How can I re-write the code that the code completes when BOTH transformblocks completed? I thought completion means that it is marked complete AND the " out queue" is empty?

public Test()     {         broadCastBlock = new BroadcastBlock<int>(i =>             {                 return i;             });          transformBlock1 = new TransformBlock<int, string>(i =>             {                 Console.WriteLine("1 input count: " + transformBlock1.InputCount);                 Thread.Sleep(50);                 return ("1_" + i);             });          transformBlock2 = new TransformBlock<int, string>(i =>             {                 Console.WriteLine("2 input count: " + transformBlock1.InputCount);                 Thread.Sleep(20);                 return ("2_" + i);             });          processorBlock = new ActionBlock<string>(i =>             {                 Console.WriteLine(i);             });          //Linking         broadCastBlock.LinkTo(transformBlock1, new DataflowLinkOptions { PropagateCompletion = true });         broadCastBlock.LinkTo(transformBlock2, new DataflowLinkOptions { PropagateCompletion = true });         transformBlock1.LinkTo(processorBlock, new DataflowLinkOptions { PropagateCompletion = true });         transformBlock2.LinkTo(processorBlock, new DataflowLinkOptions { PropagateCompletion = true });     }      public void Start()     {         const int numElements = 100;          for (int i = 1; i <= numElements; i++)         {             broadCastBlock.SendAsync(i);         }          //mark completion         broadCastBlock.Complete();          processorBlock.Completion.Wait();          Console.WriteLine("Finished");         Console.ReadLine();     } }

I edited the code, adding an input buffer count for each transform block. Clearly all 100 items are streamed to each of the transform blocks. But as soon as one of the transformblocks finishes the processorblock does not accept any more items and instead the input buffer of the incomplete transformblock just flushes the input buffer.

950

asked Nov 22 '12 10:11

Matt

2 Answers

The issue is exactly what casperOne said in his answer. Once the first transform block completes, the processor block goes into “finishing mode”: it will process remaining items in its input queue, but it won't accept any new items.

There is a simpler fix than splitting your processor block in two though: don't set PropagateCompletion, but instead set completion of the processor block manually when both transform blocks complete:

Task.WhenAll(transformBlock1.Completion, transformBlock2.Completion)     .ContinueWith(_ => processorBlock.Complete());

131

answered Sep 18 '22 00:09

svick

The issue here is that you are setting the PropagateCompletion property each time you call the LinkTo method to link the blocks and the different in wait times in your transformation blocks.

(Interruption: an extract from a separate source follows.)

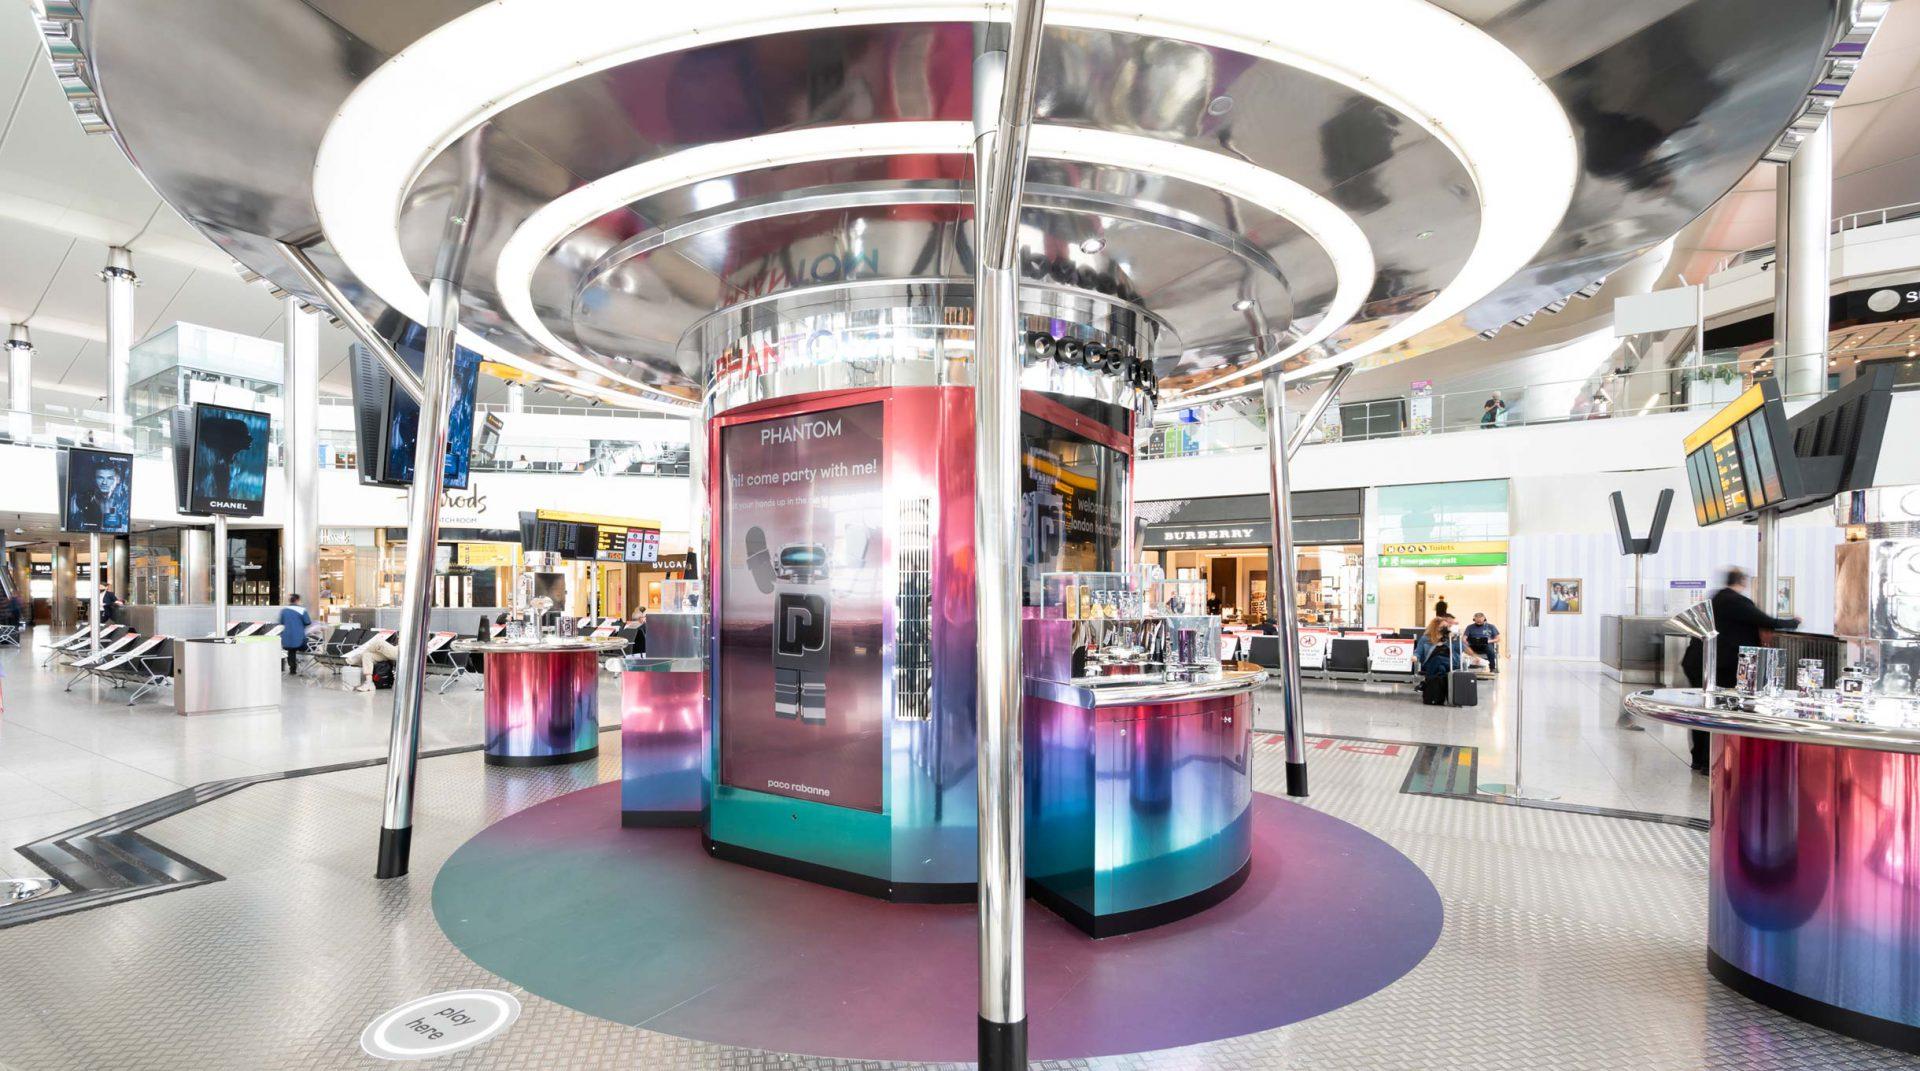 Paco Rabanne Phantom Heathrow Terminal 2

From the documentation for the Complete method on the IDataflowBlock interface (emphasis mine):

Signals to the IDataflowBlock that it should not accept nor produce any more messages nor consume any more postponed messages.

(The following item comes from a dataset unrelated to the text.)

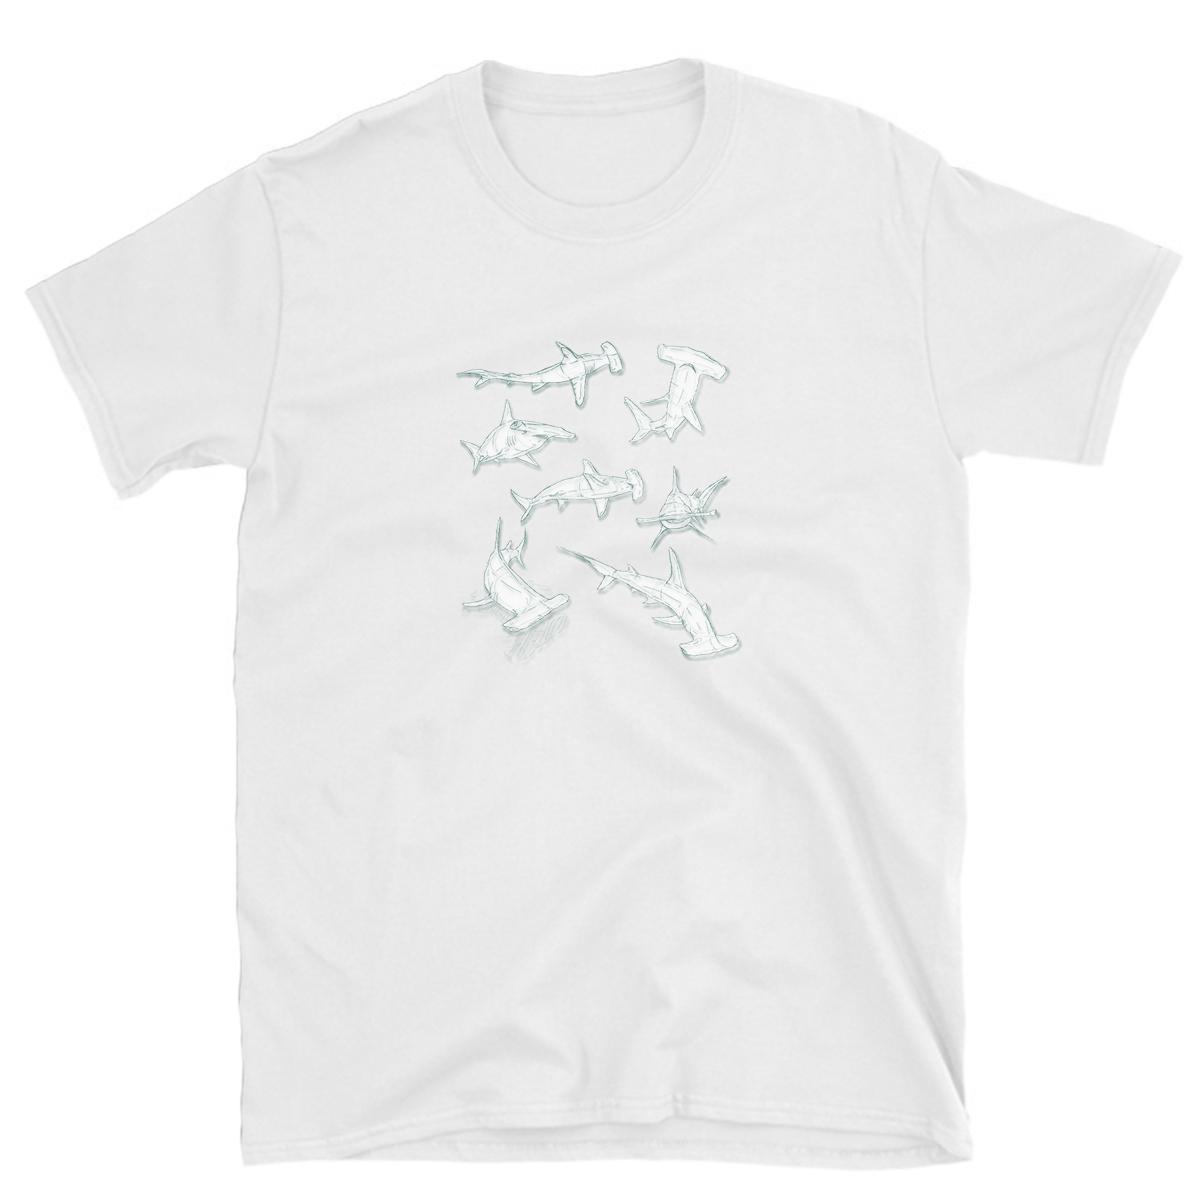 4eab34e6 tshirt hammerhead shark lover heart sharks ocean t-shirt

Because you stagger out your wait times in each of the TransformBlock<TInput, TOutput> instances, transformBlock2 (waiting for 20 ms) is finished before transformBlock1 (waiting for 50 ms). transformBlock2 completes first, and then sends the signal to processorBlock which then says "I'm not accepting anything else" (and transformBlock1 hasn't produced all of its messages yet).

Note that the processing of transformBlock1 before transformBlock1 is not absolutely guaranteed; it's feasible that the thread pool (assuming you're using the default scheduler) will process the tasks in a different order (but more than likely will not, as it will steal work from the queues once the 20 ms items are done).

Your pipeline looks like this:

           broadcastBlock           /              \  transformBlock1   transformBlock2           \              /            processorBlock

In order to get around this, you want to have a pipeline that looks like this:

           broadcastBlock           /              \  transformBlock1   transformBlock2           |              |  processorBlock1   processorBlock2

Which is accomplished by just creating two separate ActionBlock<TInput> instances, like so:

// The action, can be a method, makes it easier to share. Action<string> a = i => Console.WriteLine(i);  // Create the processor blocks. processorBlock1 = new ActionBlock<string>(a); processorBlock2 = new ActionBlock<string>(a);   // Linking broadCastBlock.LinkTo(transformBlock1,      new DataflowLinkOptions { PropagateCompletion = true }); broadCastBlock.LinkTo(transformBlock2,      new DataflowLinkOptions { PropagateCompletion = true }); transformBlock1.LinkTo(processorBlock1,      new DataflowLinkOptions { PropagateCompletion = true }); transformBlock2.LinkTo(processorBlock2,      new DataflowLinkOptions { PropagateCompletion = true });

You then need to wait on both processor blocks instead of just one:

Task.WhenAll(processorBlock1.Completion, processorBlock2.Completion).Wait();

A very important note here; when creating an ActionBlock<TInput>, the default is to have the MaxDegreeOfParallelism property on the ExecutionDataflowBlockOptions instance passed to it set to one.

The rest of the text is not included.